Экс на миллион (СИ) - "Greko" - Страница 5
- Предыдущая
- 5/59
- Следующая
— А ну, брысь! — грозно откликнулся я на мальчишеские вопли.
Мой возглас возымел прямо противоположный результат. Детвора заголосила еще сильнее, и вскоре послышался тяжелый топот мужских ног, дополняемый бранью. Что оставалось делать? Снесут, не заметят, как по закону несущегося носорога — вижу цель, не вижу препятствий. Пришлось атакующих притормозить выстрелом дробью над головами.
Компания из пары десятков рассерженных мужчин с вилами и допотопными граблями в руках сочла за умное вдарить по тормозам. Кто-то даже недоучел коварство покрытия скотного двора и грохнулся с размаху на унавоженную землю. Мальчишки юркнули за широкие спины и разгалделись как чайки. Селяне же мигом захлопнули рты, распахнули пошире глаза и принялись топтаться на месте, словно задались целью превратить проход к главной усадьбе в гоночную трассу.
— Чаво балуешь⁈ — осмелился на вопрос один из пострадавших, вскакивая на ноги и отряхивая от навоза свой армяк, видавший, судя по его виду, и не такое, как грязь на подворье.
— А вы чаво несетесь, как стадо быков? — подыграл я народной лексике. — Позабыли тут свои лапти? Сено в другой сторонке.

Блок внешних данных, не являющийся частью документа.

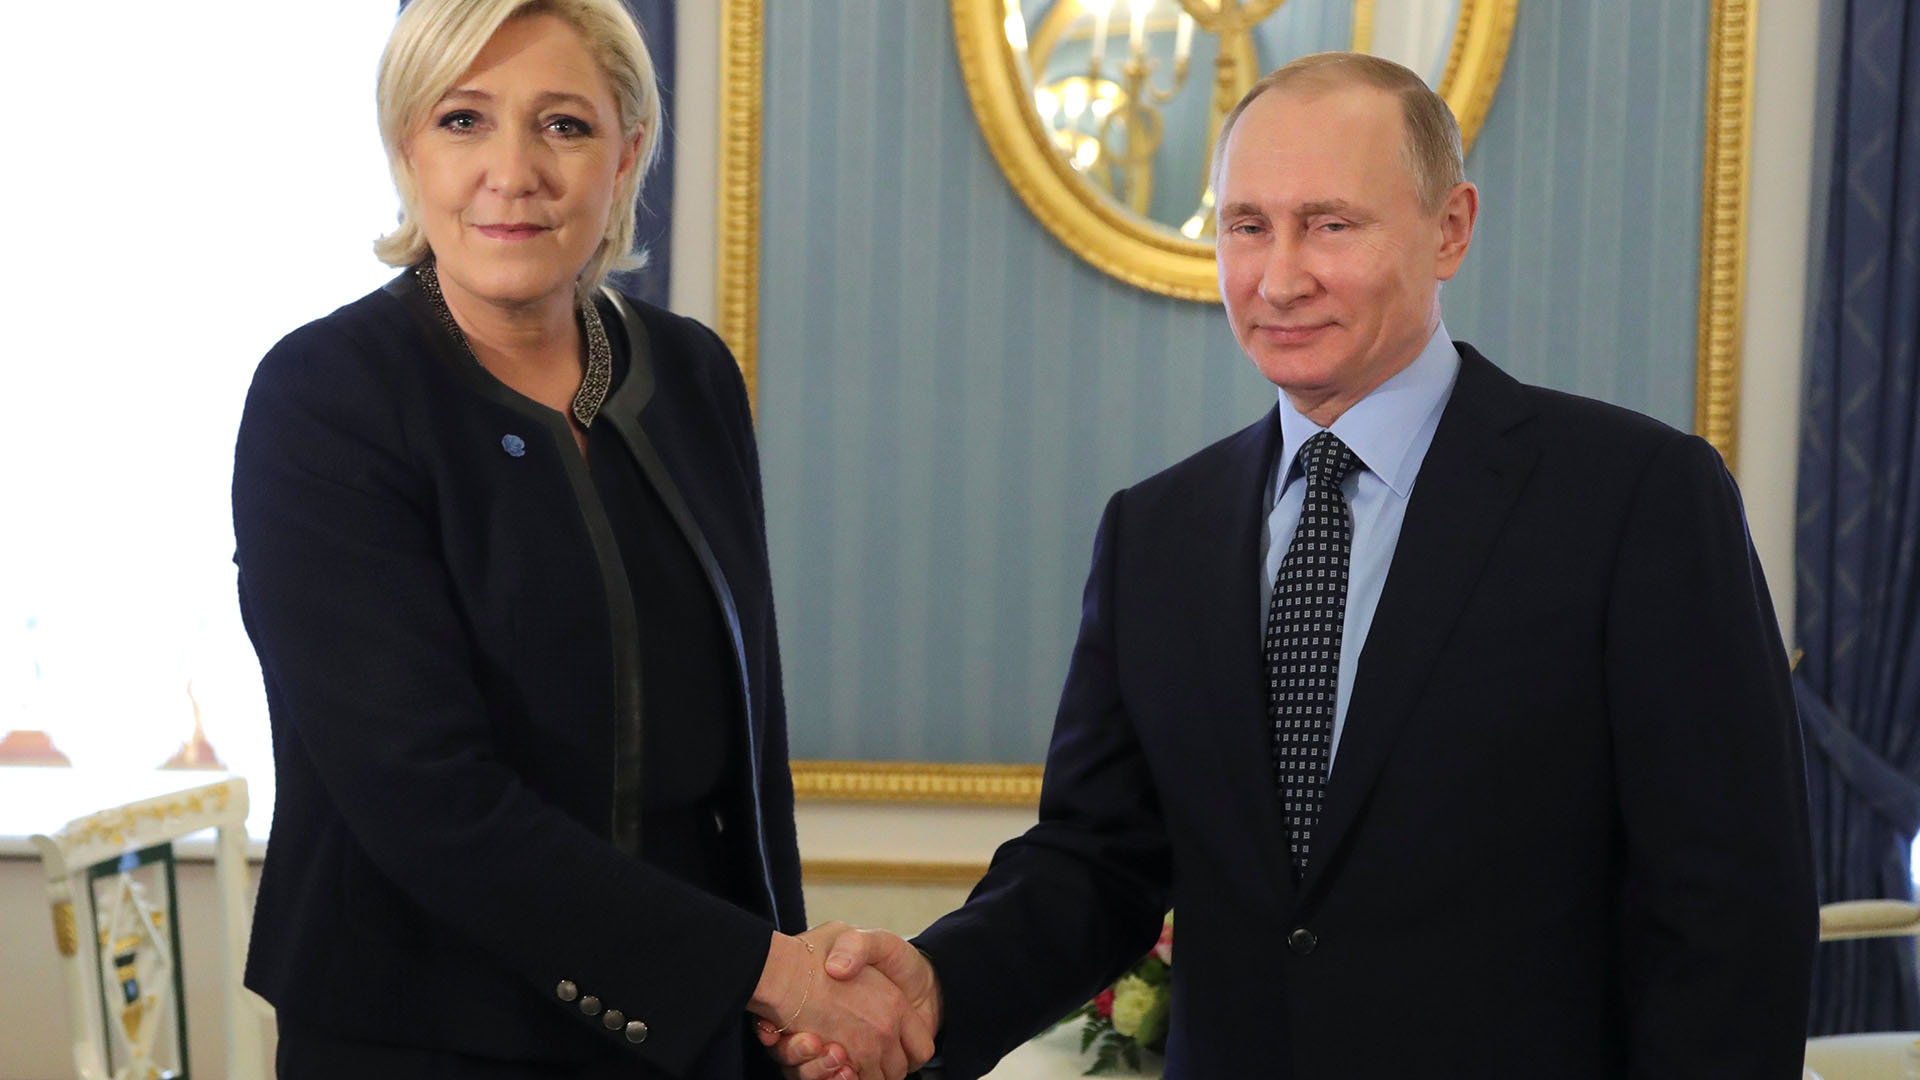 La más comprometida, pero tambien la que ha sabido virar su campaña para evitar el lastre de su atracción por Putin, es Marine Le Pen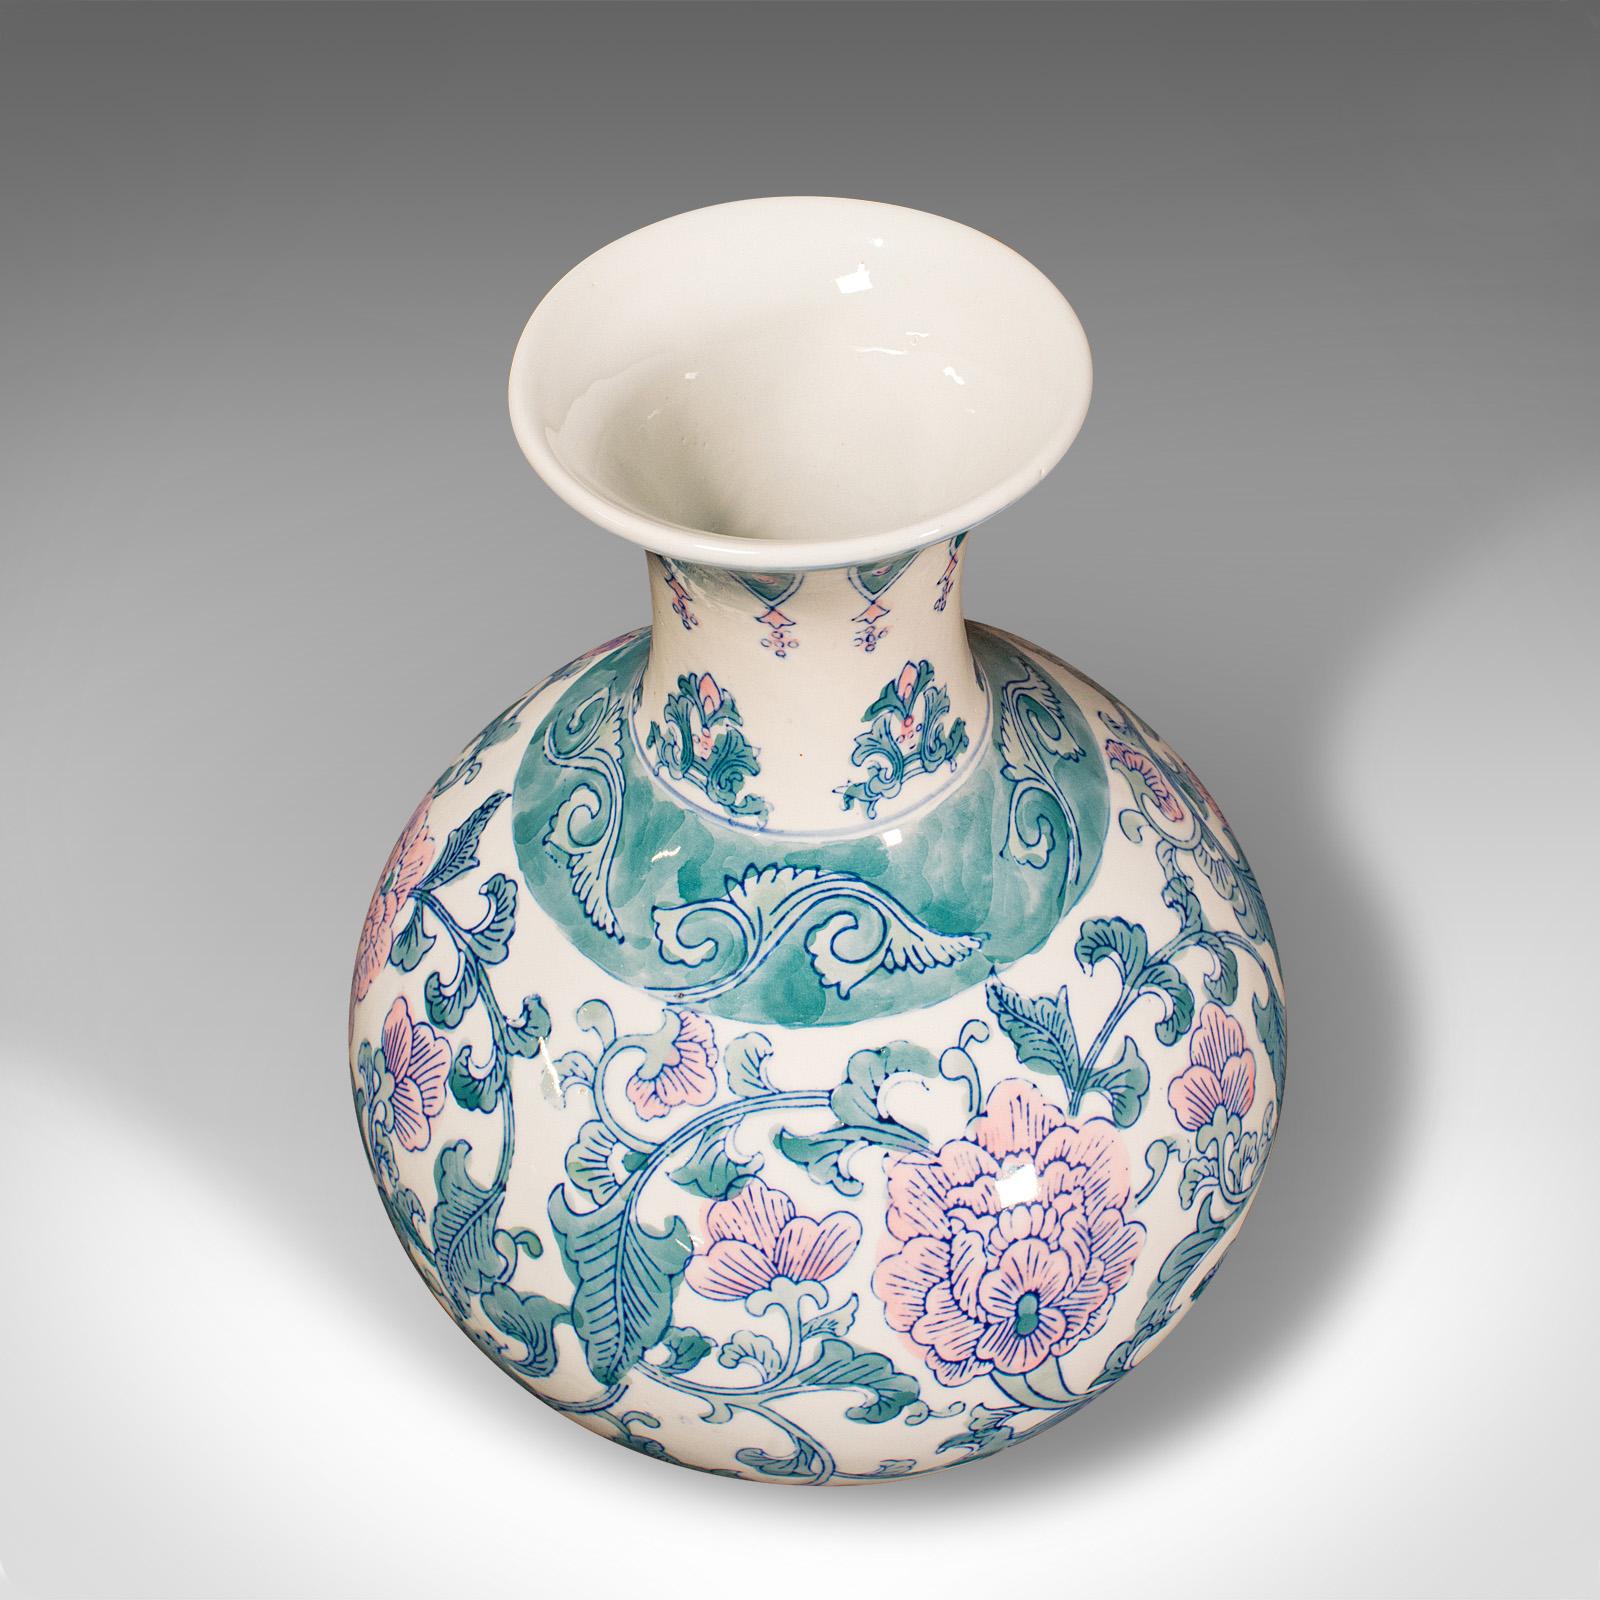 Large Vintage Baluster Vase, Chinese, Ceramic Flower Pot, Art Deco Revival, 1970 For Sale 2

— Молод ишо нам указывать, — вдруг зашипели мужики и тут же смолкли, позабыли о моих неполных тридцати годках — сопля по местным меркам. Неверящими глазами проследили, как я демонстративно перезарядил ствол. И неуверенно добавили. — Не посмеешь!
— Спросите в саду у гундосого борова, которого я наповал уложил.
— Нешто Пантелеич⁈ — ахнул кто-то. — То-то выстрел услыхали.
— На каторгу пойдешь! — добавил другой.
— О себе беспокойтесь! — не остался я в долгу. — Начнете безобразия учинять, приедут казаки и спины вам плетьми перекрестят.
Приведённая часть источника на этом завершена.